California souvenir playing cards
California souvenir playing cards, USA, 1898 and 1907.
Published by R.J. Waters in 1898, each card presents oval photographic views of California. The reverse of the cards has the California State Seal on a grey background surrounded by orange poppies with brown centres. Above the seal are the words “STATE FLOWER” and below it is “CALIFORNIA POPPY”
See: Hochman Encyclopedia of American playing Cards, p. 255 no. S12.
A similar pack of California souvenir playing cards was published in 1907 by M. Rieder (probably the successor to Waters). In this edition the indices are in a heavier typeface and the oval photographs are surrounded by a border. The reverse is almost identical to the earlier pack except the poppies do not have the brown centres. In addition, the photo scenes on the cards are different.
See: Hochman Encyclopedia of American Playing cards, p. 255 no. S13.
By Peter Burnett
Member since July 27, 2022
I graduated in Russian and East European Studies from Birmingham University in 1969. It was as an undergraduate in Moscow in 1968 that I stumbled upon my first 3 packs of “unusual” playing cards which fired my curiosity and thence my life-long interest. I began researching and collecting cards in the early 1970s, since when I’ve acquired over 3,330 packs of non-standard cards, mainly from North America, UK and Western Europe, and of course from Russia and the former communist countries.

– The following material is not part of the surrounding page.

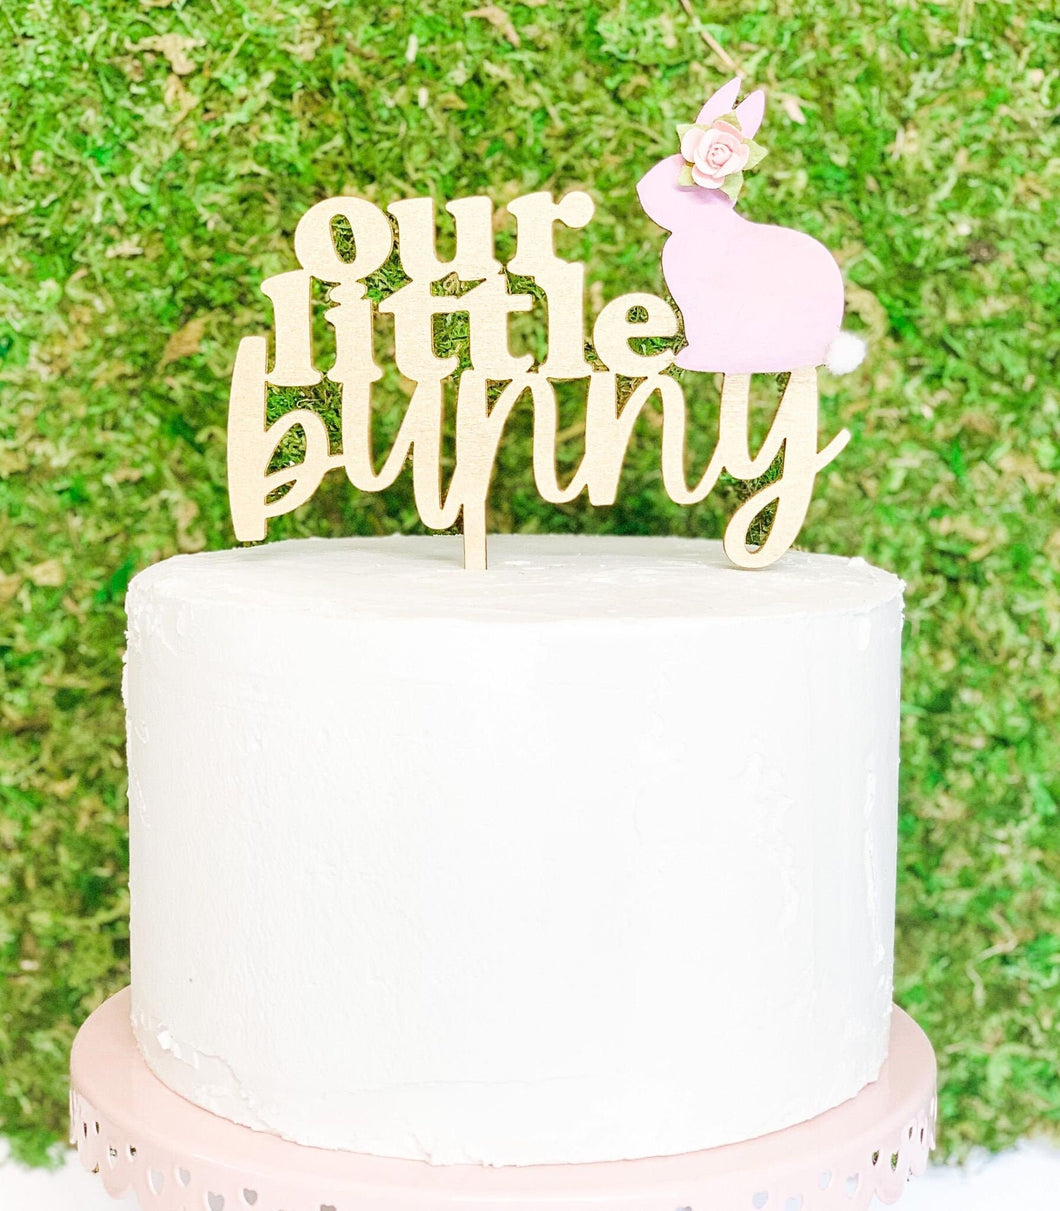 Bunny Cake Topper - Our Little Bunny Baby Shower - Pink Bunny Cake Topper - Floral Cake Topper - Our Bunny Is One - 1st Birthday

Following my retirement from the Bodleian Library in Dec. 2007 I took up a new role as Head of Library Development at the International Network for the Availability of Scientific Publications (INASP) to support library development in low-income countries. This work necessitated regular training visits to many sub-Saharan African countries and also further afield, to Vietnam, Nepal and Bangladesh – all of which provided rich opportunities to further expand my playing card collection.
Since 2019 I’ve been working part-time in the Bodleian Library where I’ve been cataloguing the bequest of the late Donald Welsh, founder of the English Playing Card Society.